Earlier this year, Lowe's raised its full-year forecast after seeing signs that the worst of the U.S. housing slump might have passed. Home Depot followed suit in June, citing economic indicators.

New U.S. housing starts and permits jumped in June, propelled by a rise in ground-breaking for single-family homes and suggesting the battered housing sector was beginning to stabilize, a government report showed in July.

While sales of expensive goods continue to suffer, both chains have seen strength in products for outdoor projects like landscaping and painting as more consumers adopt a do-it-yourself approach.

BAD WEATHER, WEAK ECONOMY

In the second quarter ended on July 31, Lowe's said it earned $759 million, or 51 cents a share, down from $938 million, or 63 cents a share, a year earlier.
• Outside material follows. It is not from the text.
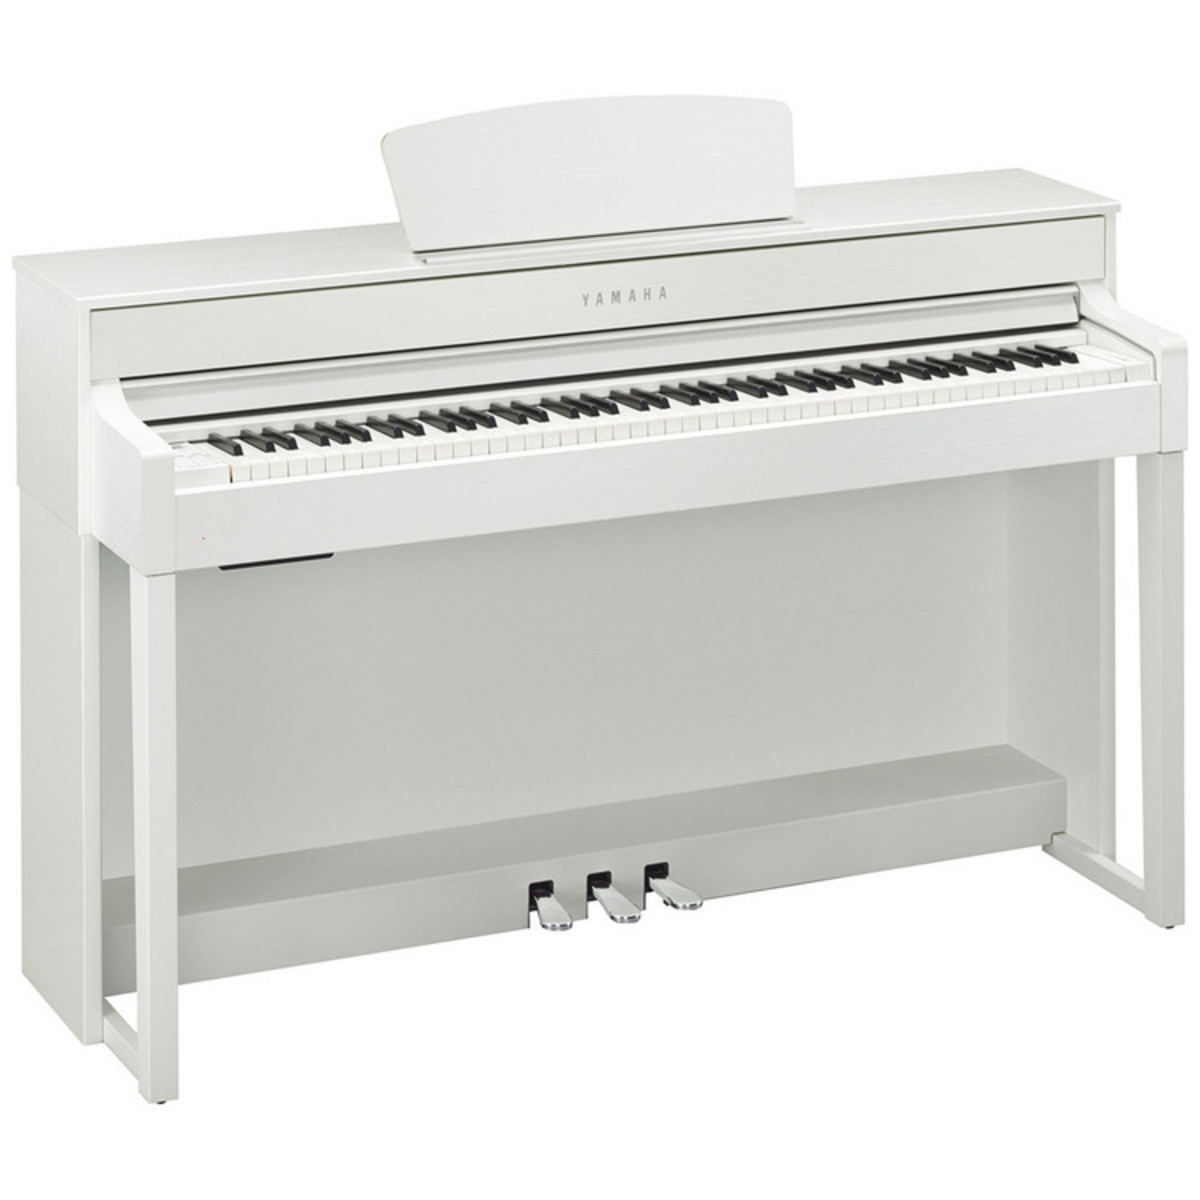 yamaha clavinova clp535 digital piano white at. Black Bedroom Furniture Sets. Home Design Ideas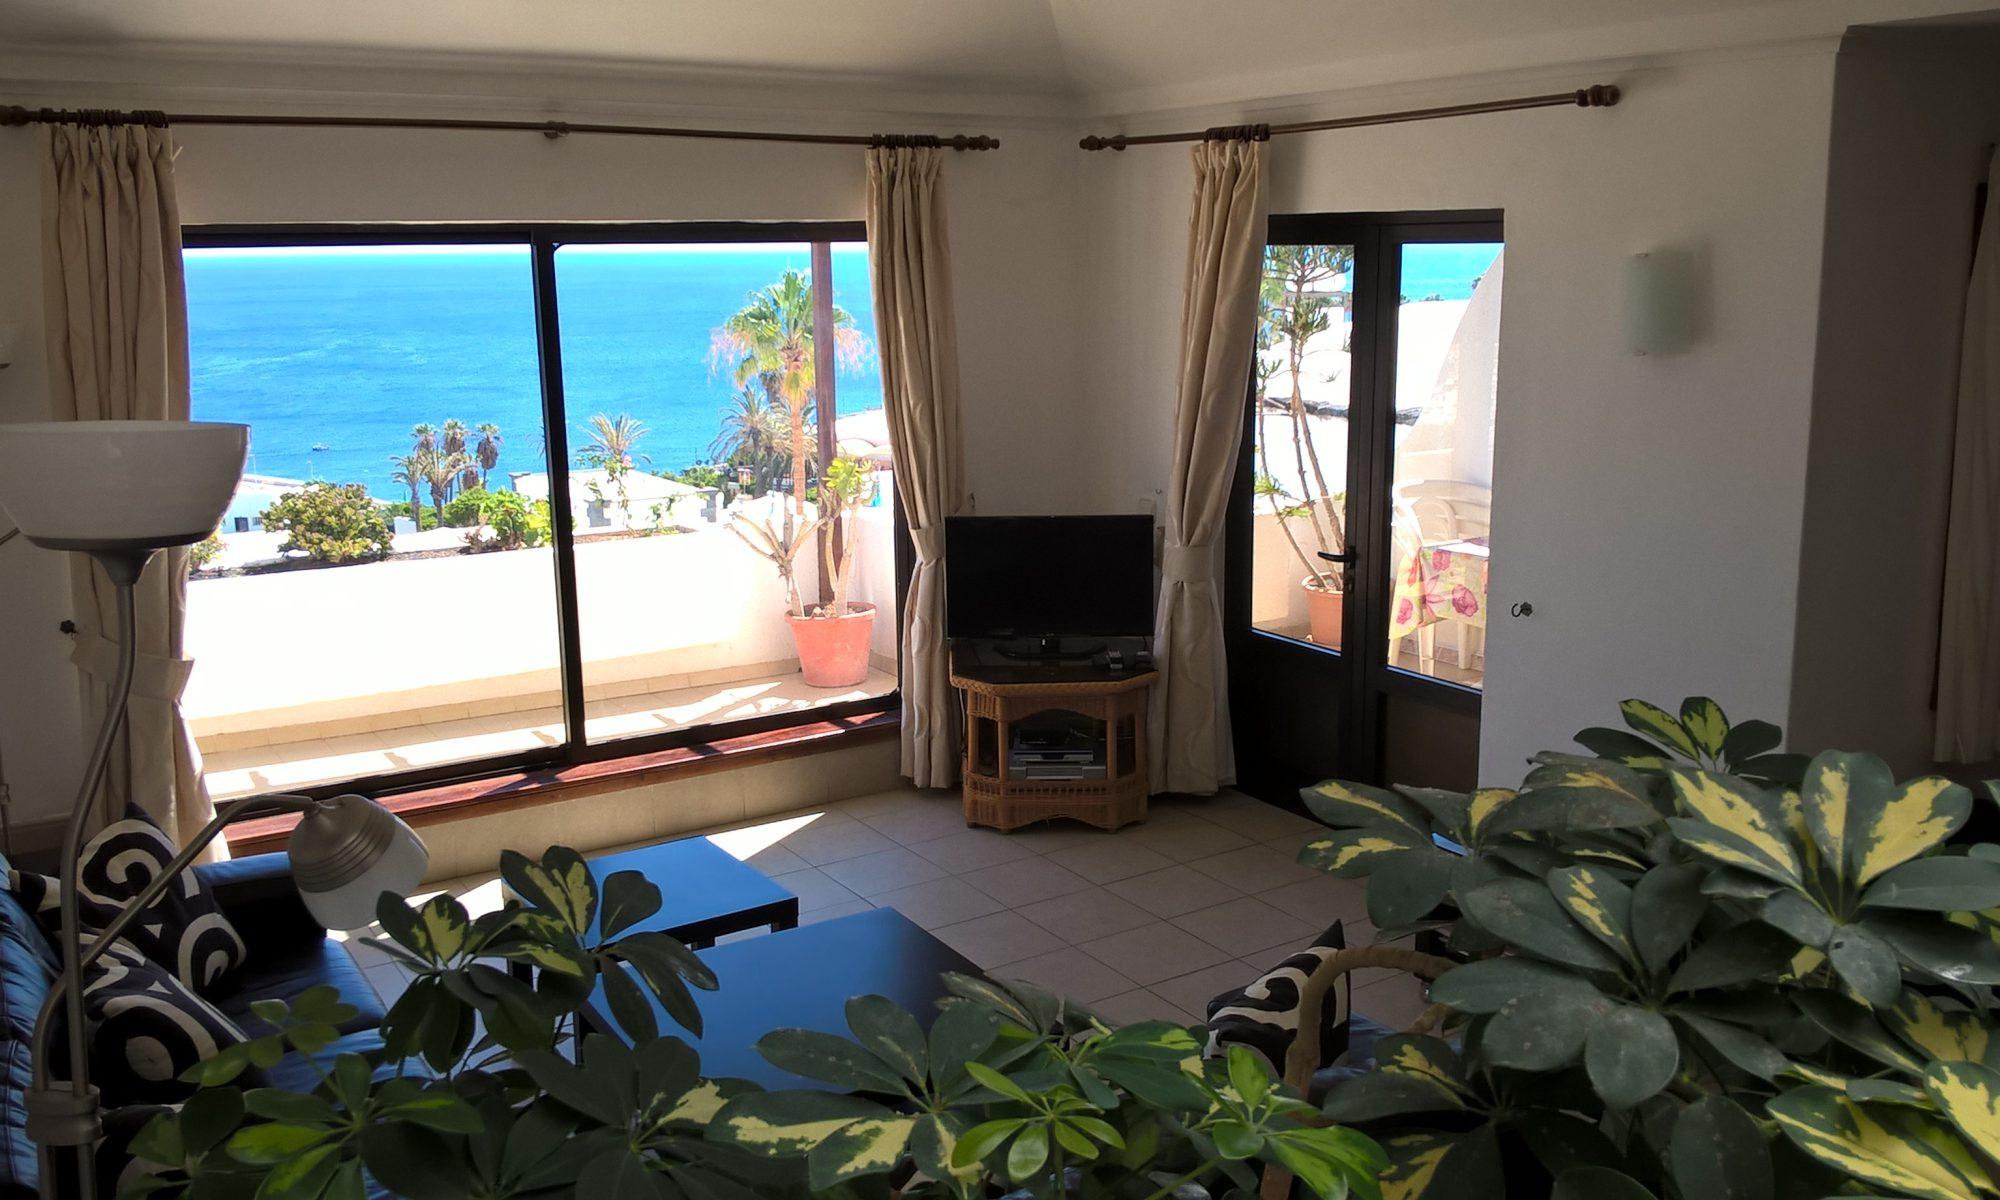 Penthouse, Lago Verde, Old Town, Puerto del Carmen, Lanzarote View

Excluding a charge of $48 million related mainly to the projects Lowe's no longer plans to pursue, profit was 54 cents a share, in line with the analysts' average forecast, according to Reuters Estimates.

Besides wavering consumer confidence and unseasonable weather in key markets, restrained customer spending compared with last year's fiscal stimulus-aided results hurt sales, Niblock said.

May started out the quarter strong, but June was especially cold and wet, while July was simply cool, JPMorgan analyst Christopher Horvers said in a note.

Sales at Lowe's fell 4.6 percent to $13.8 billion. Sales at stores open at least a year, an important retail measure, fell 9.5 percent.

For the third quarter, Lowe's forecast earnings of 21 cents to 25 cents a share, while analysts had expected 27 cents.

The Mooresville, North Carolina, company said it expected total sales to fall 2 percent to 5 percent, with a same-store sales decline of 6 percent to 10 percent.

Lowe's shares were down 8.5 percent at $20.89 in morning trading, while Home Depot fell 4.7 percent to $25.86.